Need more input... and I've gone that page before. You run an error scan on it but before it'll do anything to remove/fix those errors you gotta buy it. Pretty crummy way to sell a product IMO.


----------



## diamondbar1971 (Jul 26, 2008)

thank you for that info....i have been trying to burn songs to cd's for a month now. i  wasn't aware you had to buy it.


----------



## fireman00 (Jul 26, 2008)

where are you getting the files from... email or on a CD or locally on your drive?  Usually with Nero you'd burn the files locally or to a CD.


----------



## MA-Caver (Jul 26, 2008)

fireman00 said:


> where are you getting the files from... email or on a CD or locally on your drive?  Usually with Nero you'd burn the files locally or to a CD.
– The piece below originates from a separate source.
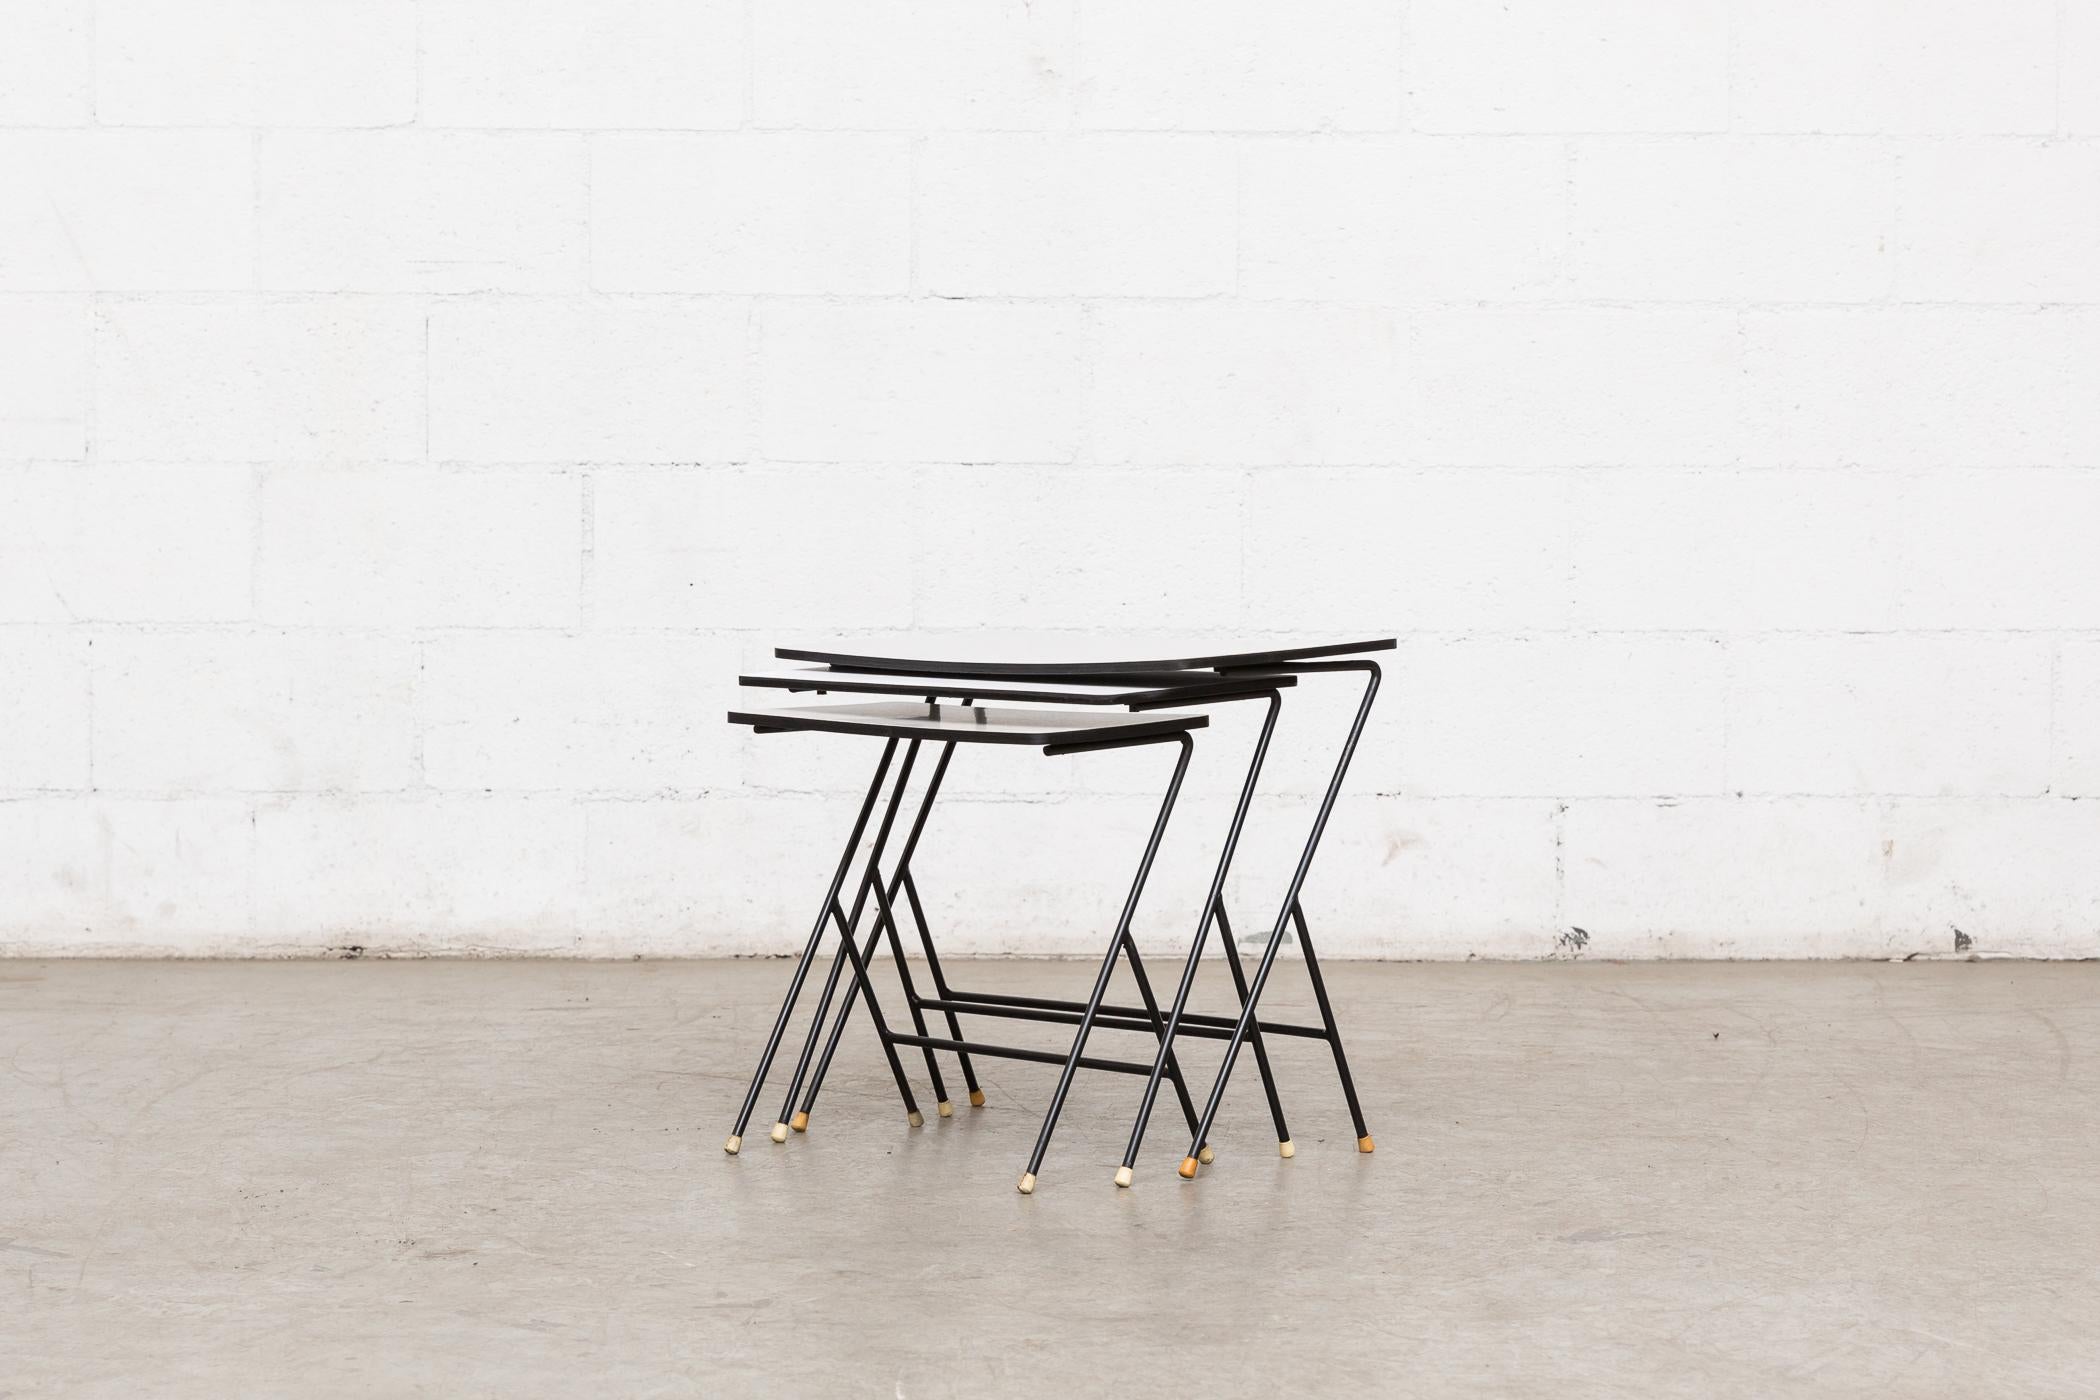 Set of 3 zig-zag mategot inspired nesting tables with grey and white Formica tops, black enameled metal wire frames and original rubber tipped feed. Visible cracking and staining to top table. Visible wear. Set price.
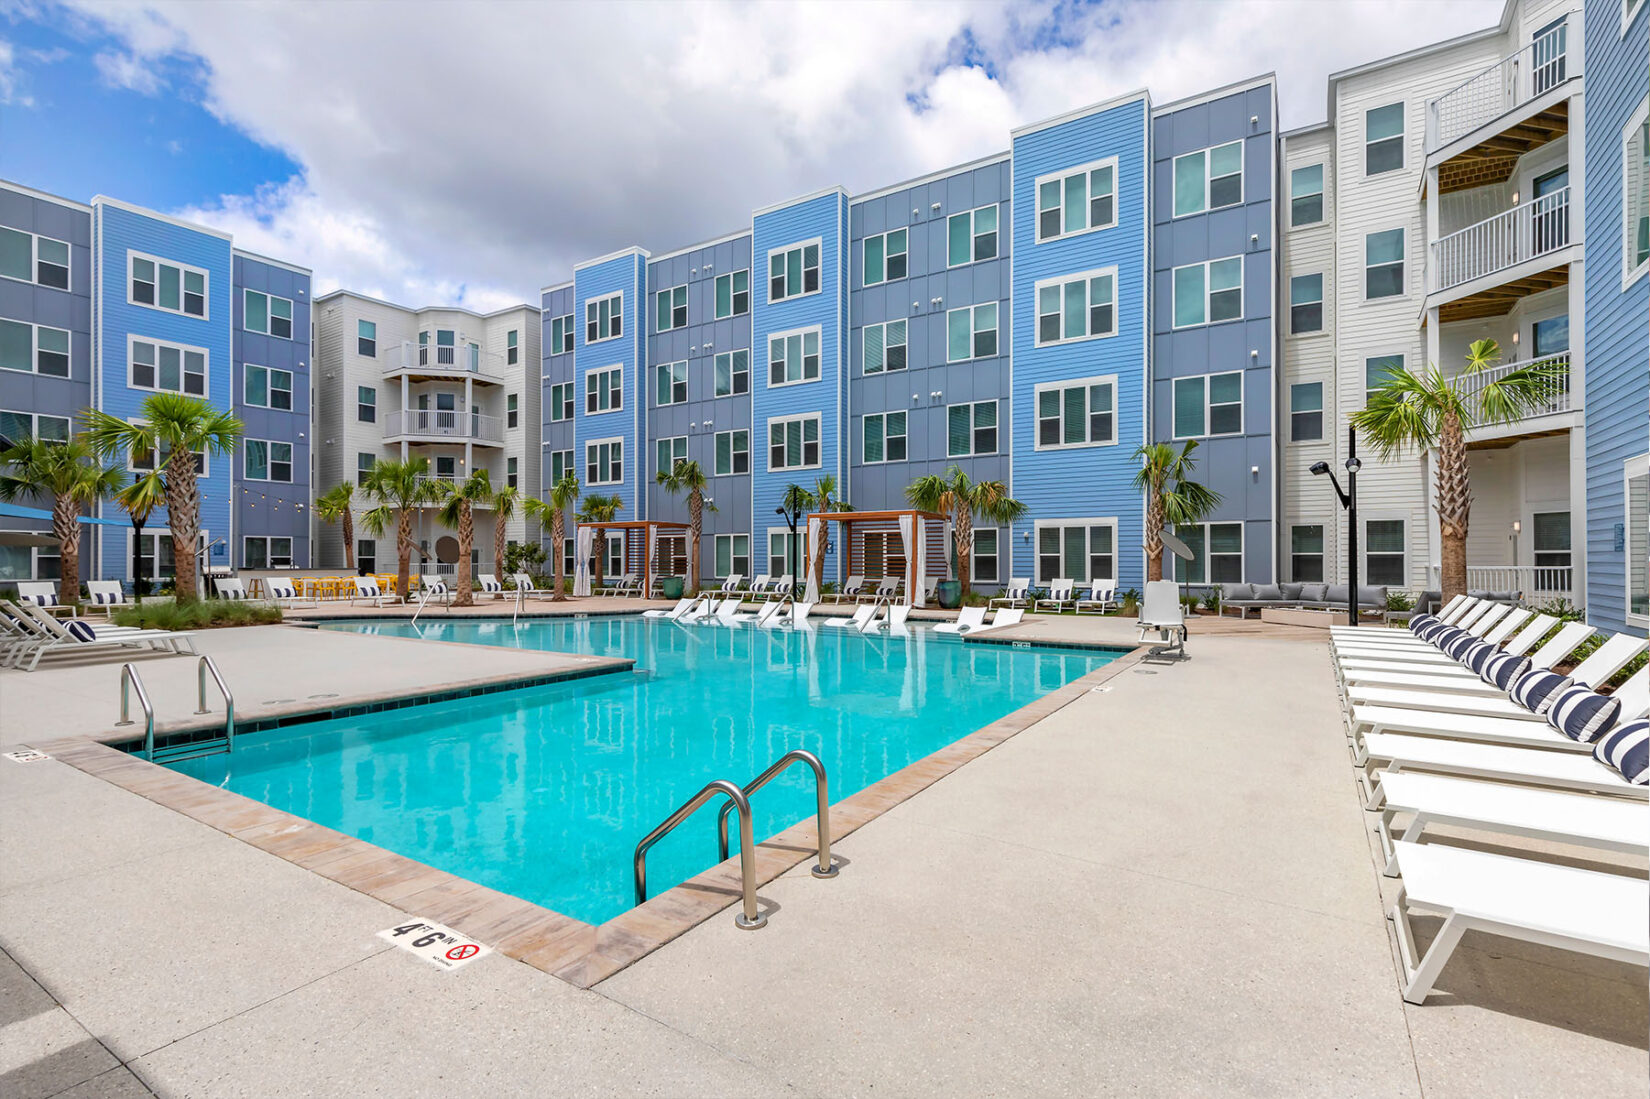 Apartment Community Pool with White Lounge Chairs

 Download from Bit Torrent


----------



## fireman00 (Jul 27, 2008)

I've never played with one but a .nrg file SHOULD extract if you have a fully functional copy of Nero (not Nero Express) on your system.  Double click the file and the extraction should begin.  It can be a complete application like Word, a boot DVD, a live concert or even a boot disc with all the creator's file, apps and boot sector info.  

its kind of like Nero's version of an iso file. 

If you don't have Nero there's a tutorial on how to convert a vid that's in nrg format at http://www.moviecodec.com/topics/4721p1.html

Scroll down about halfway and you'll find it.


----------



## Shicomm (Jul 27, 2008)

You can put the image on a disc really simple as well  

IMGburn can work with both iso and ngr image formats and is really simple to use.
It's free as well ( where nero is paid software ) so that's another bonus  

You can find more about it right here : http://www.imgburn.com/


----------